Looking at recall, we noticed that most entries did better at Recall1 (Garvan) than Recall2 (HLI) — sometimes with striking differences (such as the entry labeled "macrogen-gatk"). This may be related to the fact that the Garvan dataset used newer, improved chemistry. We would like to recognize the top 6 entries (sum of deltas from the top less than 1%) assigning the highest-recall and high-recall badges.

A higher precision value means fewer false positives. Filtering criteria and other post-processing techniques are often used to reduce false positives, but sometimes this is at the expense of recall. Pipelines often have to deal with such tradeoffs between recall (sensitivity) and precision (positive predictive value), and different NGS pipelines may be tuned for different goals, depending on the context. Looking at the respective table for precision, the overall good performance of most entries (compared to the recall table) reveals that the majority of pipelines favor precision, especially since it does not show as big of a fluctuation between Precision1 (Garvan) and Precision2 (HLI).
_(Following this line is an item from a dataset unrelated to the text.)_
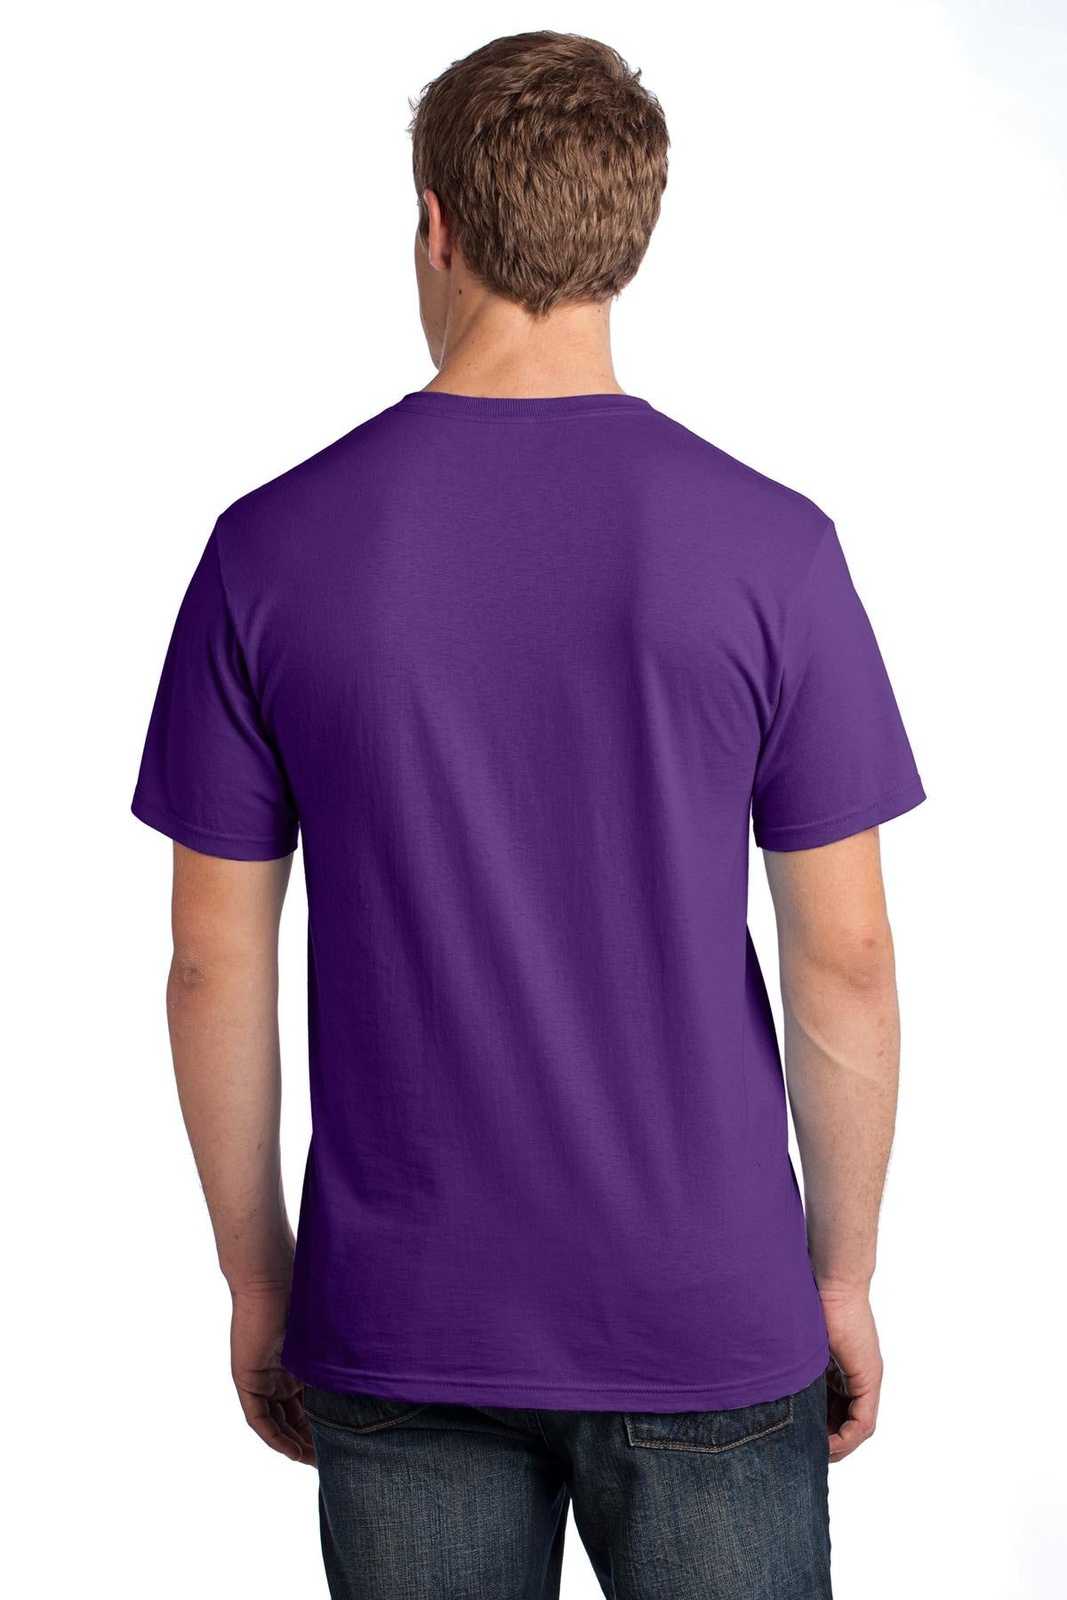 Fruit of the Loom 3930 HD Cotton 100% Cotton T-Shirt - Purple - HIT a Double
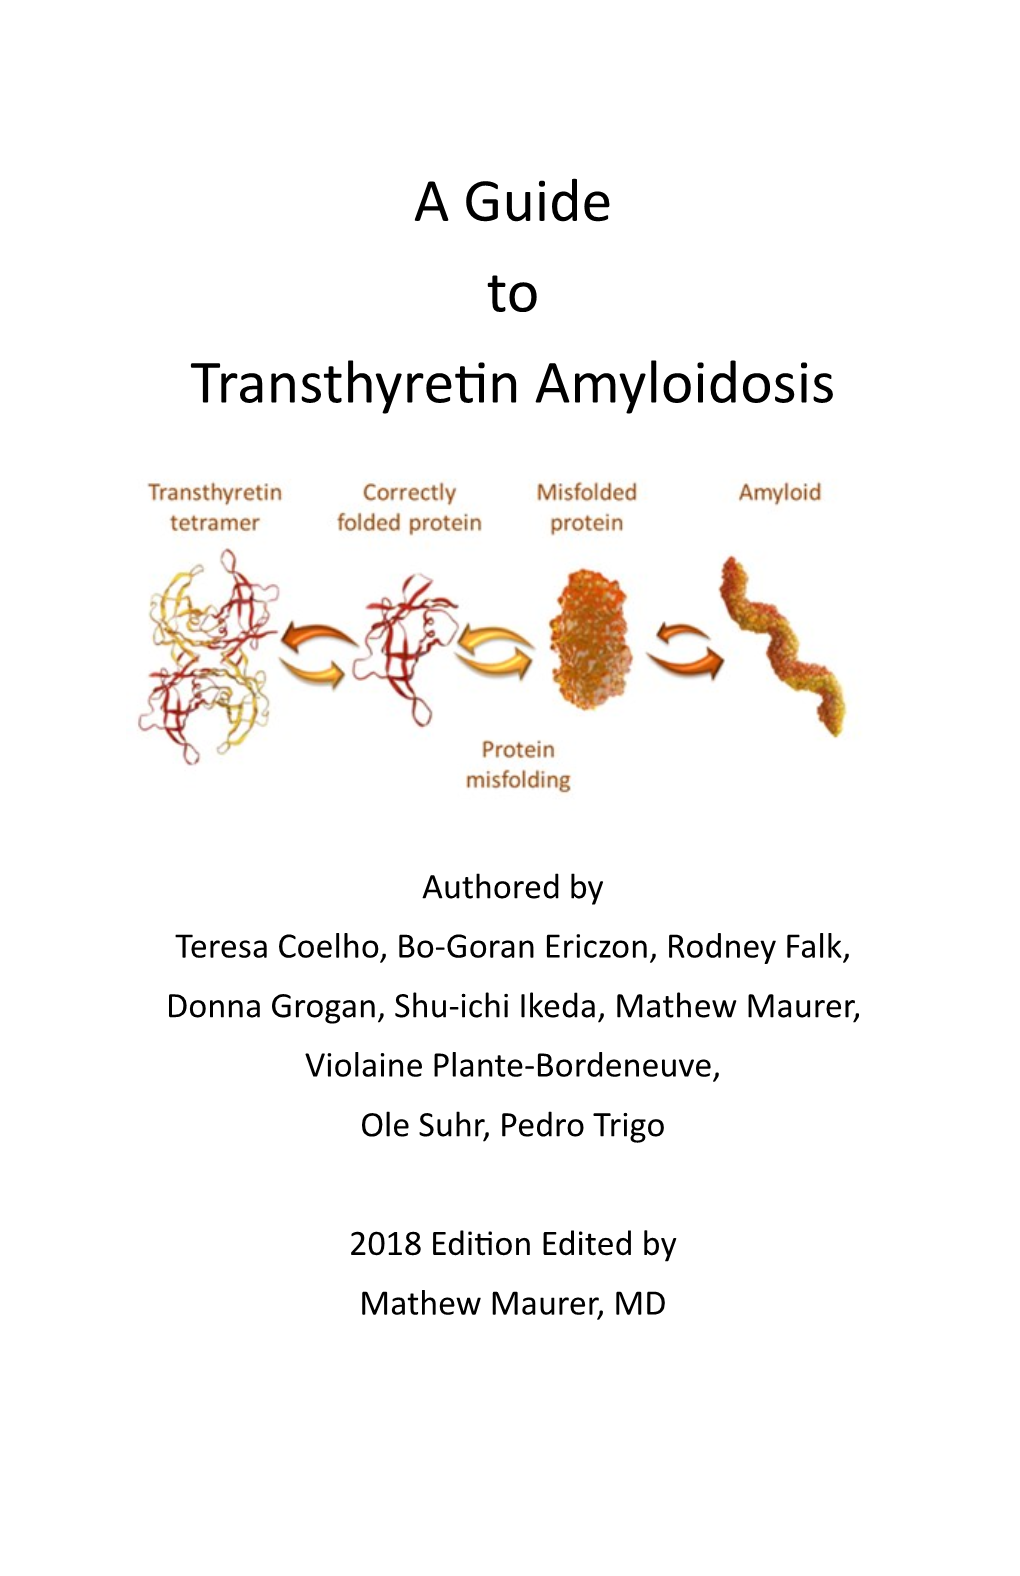 A Guide to Transthyretin Amyloidosis

We would like to recognize the top 14 entries (sum of deltas from the top less than 1%) assigning the highest-precision and high-precision badges.

Given the performances in precision and recall in the first two tables, it's no surprise that the f-measure is usually slightly higher in the Garvan dataset, and that overall the entries are close (but not as close as in the precision table). We would like to recognize the top 11 entries (sum of deltas from the top less than 1.2%) assigning the highest-f-measure and high-f-measure badges.

Miscellaneous Recognitions

We would like to extend special recognitions to the following entries:

The extra-credit recognition to the entry submitted by Deepak Grover (Sanofi-Genzyme), for answering the extra credit question.
The pfda-apps recognition to the entry submitted by Mike Lin (DNAnexus Science), for contributing apps to precisionFDA and using them to generate the results of the entry.
The heroic-effort recognition to the entry submitted by Adam Novak et. al (VGTeam), for using this challenge as an opportunity to push the boundaries of their pipeline. As they mentioned in their submission, "vg is a work in progress, and this challenge answer represents the first time it has ever been run on whole genomes. The team sprinted through the weekend preceding the deadline in order to scale up the graph read-mapping and variant-calling algorithms, which had previously been used only on limited test regions".
The promising recognition to the entry submitted by Rene Lopez et. al (MyBioinformatician). Although the submission was not received on time, the pipeline's performance characteristics were promising, and we are looking forward to seeing this method applied to future challenges.

Conclusions and lessons learned

Comparisons

This challenge used the comparison framework that was available when precisionFDA was first launched. The framework outputs detailed files with the variants of each category, so that anyone can perform downstream calculations or otherwise investigate their false positives or false negatives. This has helped participants better understand the characteristics of their pipelines – an effort that could be improved by more detailed reporting in the comparison output, since the current version of the comparison framework reports only aggregate statistics. As someone pointed out in a separate communication, “showing summary numbers for both SNPs and indels together can hide issues with indel calling behind the fact that SNPs do really well (most pipelines discover most of the easy SNPs)”. In the future, we look forward to more granular reporting, including separate statistics for SNPs versus indels and other types of variations, as well as information on zygosity mismatches. We are working with the GA4GH benchmarking group to incorporate the next generation of comparisons, and you can currently see an early glimpse of that in the GA4GH Benchmarking app on precisionFDA.

Benchmarking material

The challenge used the NIST/GiaB characterization of NA12878 as the benchmark set, as reported on GRCh37. Although NIST relied on different sequencing technologies and software algorithms to generate this dataset, members of the community expressed concerns that the dataset may be "biased towards GATK". Other community feedback mentioned known facts such as that the dataset is not comprehensive enough with respect to indels, that the confident regions are not covering several genomic areas of clinical importance, and that this dataset does not include copy-number variants or structural variants, or incorporate phasing information. GiaB is aware of the limitations of the existing dataset and is already working to address them. In addition, precisionFDA is collaborating with NIST to engage the community to improve this dataset by incorporating a Feedback button straight into the comparison results page. The government agencies, including FDA, NIST, CDC, and other stakeholders are also collaborating towards the generation of new benchmarking materials.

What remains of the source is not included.